The sfsym tool provides developers and designers with a streamlined way to export Apple SF Symbols as vector or raster images, facilitating the creation of mockups and artwork for Apple platform apps. Its ability to generate high-quality, scalable assets directly from system-rendered symbols enhances productivity and consistency in UI design. However, users must adhere to licensing restrictions, as SF Symbols are proprietary to Apple and intended solely for use in Apple platform contexts.

Key Takeaways

sfsym

A command-line tool for exporting Apple SF Symbols as SVG, PDF, or PNG. The vector paths come directly from macOS's symbol renderer, so the output is the same geometry the system draws. No Xcode project, no redraw, and no runtime dependency on SF Symbols.app.

sfsym export heart.fill -f svg -o heart.svg # 569B -> heart.svg

Before you use this Licensing. SF Symbols are Apple property. The SF Symbols License permits their use only in artwork and mockups for apps that run on Apple platforms. sfsym is a tool; the restriction applies to what you ship with the output it produces.

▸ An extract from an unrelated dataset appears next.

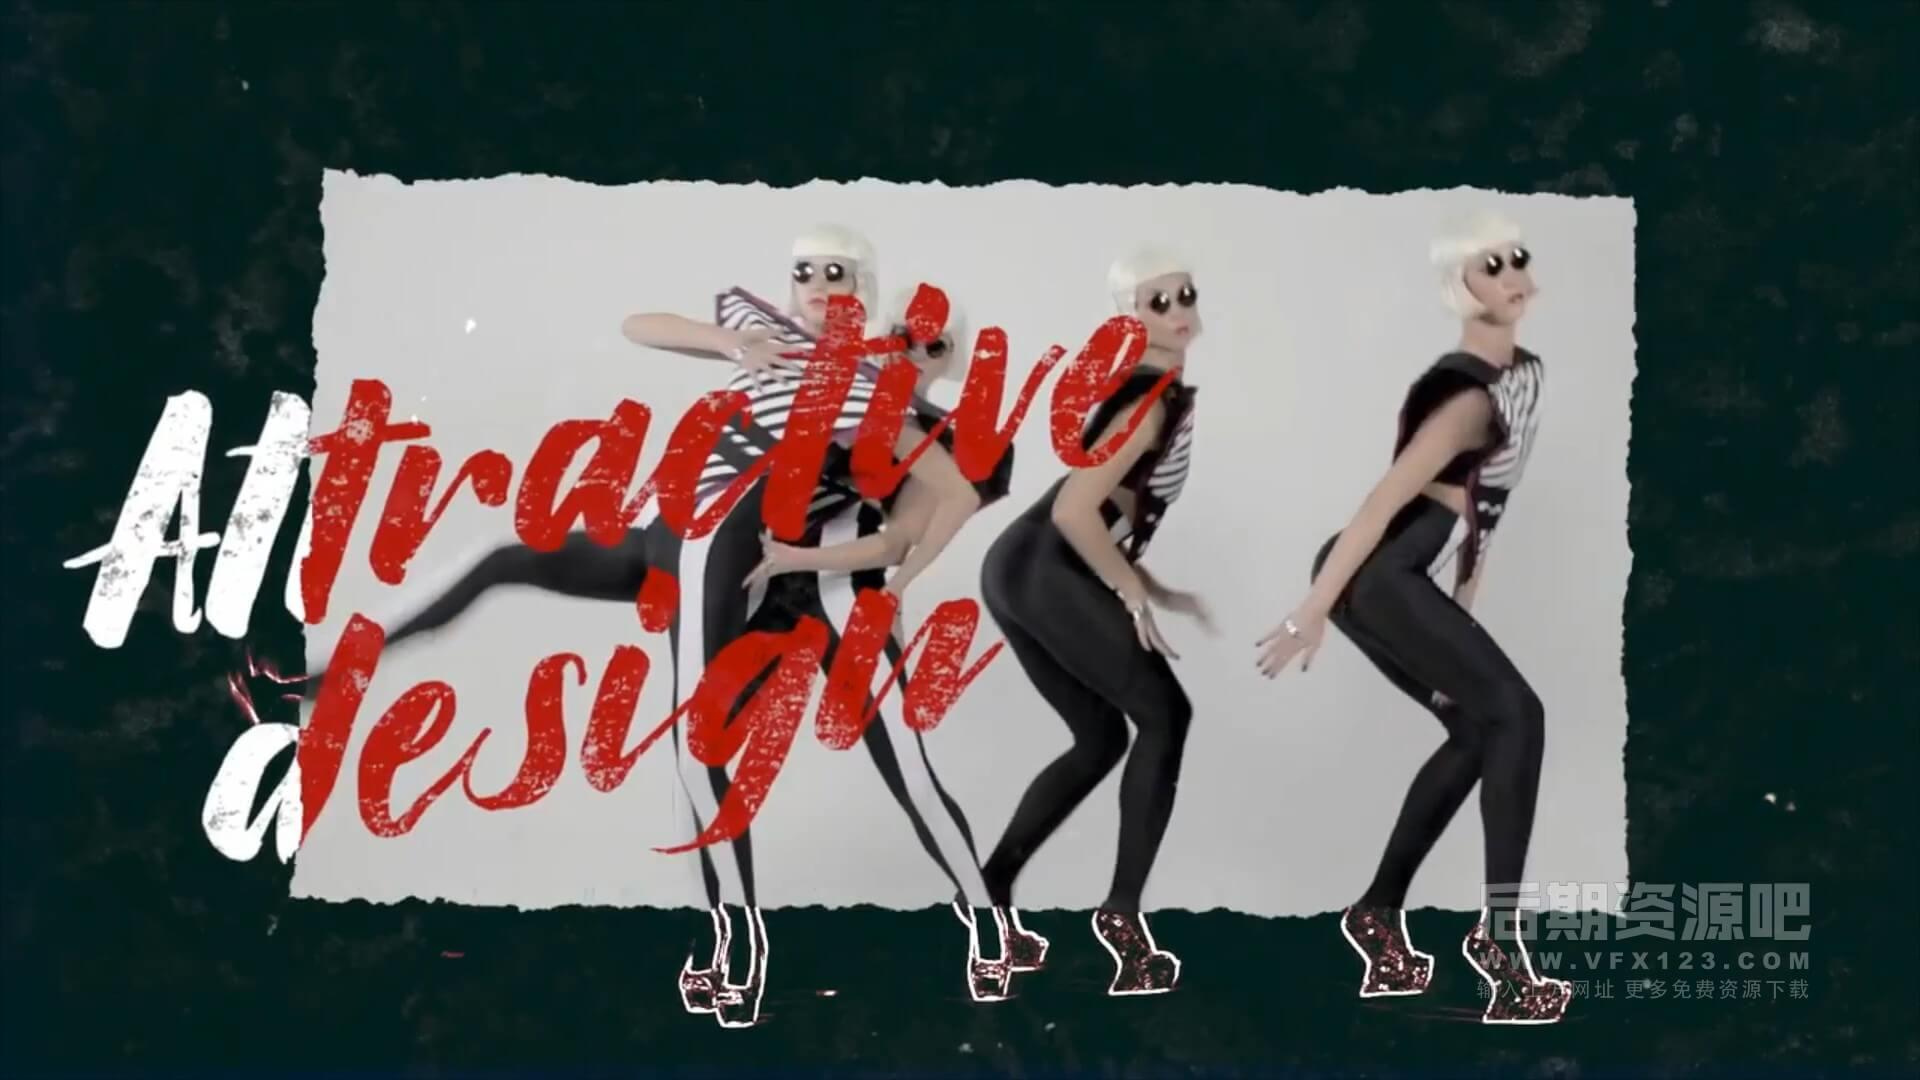 fcpx主题插件 动感活泼现代城市风格跳帧效果片头模板 Urban Style Promo

Don't embed SF Symbols in an Android app or a generic website.

SF Symbols are Apple property. The SF Symbols License permits their use only in artwork and mockups for apps that run on Apple platforms. is a tool; the restriction applies to what you ship with the output it produces. Don't embed SF Symbols in an Android app or a generic website. Private API. The renderer reads a private ivar on NSSymbolImageRep to reach the underlying CUINamedVectorGlyph object. This has been stable from macOS 13 through macOS 26, but Apple doesn't guarantee it. If a future release changes the layout, sfsym fails fast rather than producing incorrect output.

Install

Homebrew

brew install yapstudios/tap/sfsym

A prebuilt universal binary. No compile step, no Xcode dependency. Runs on macOS 13 (Ventura) or later, on Apple silicon or Intel.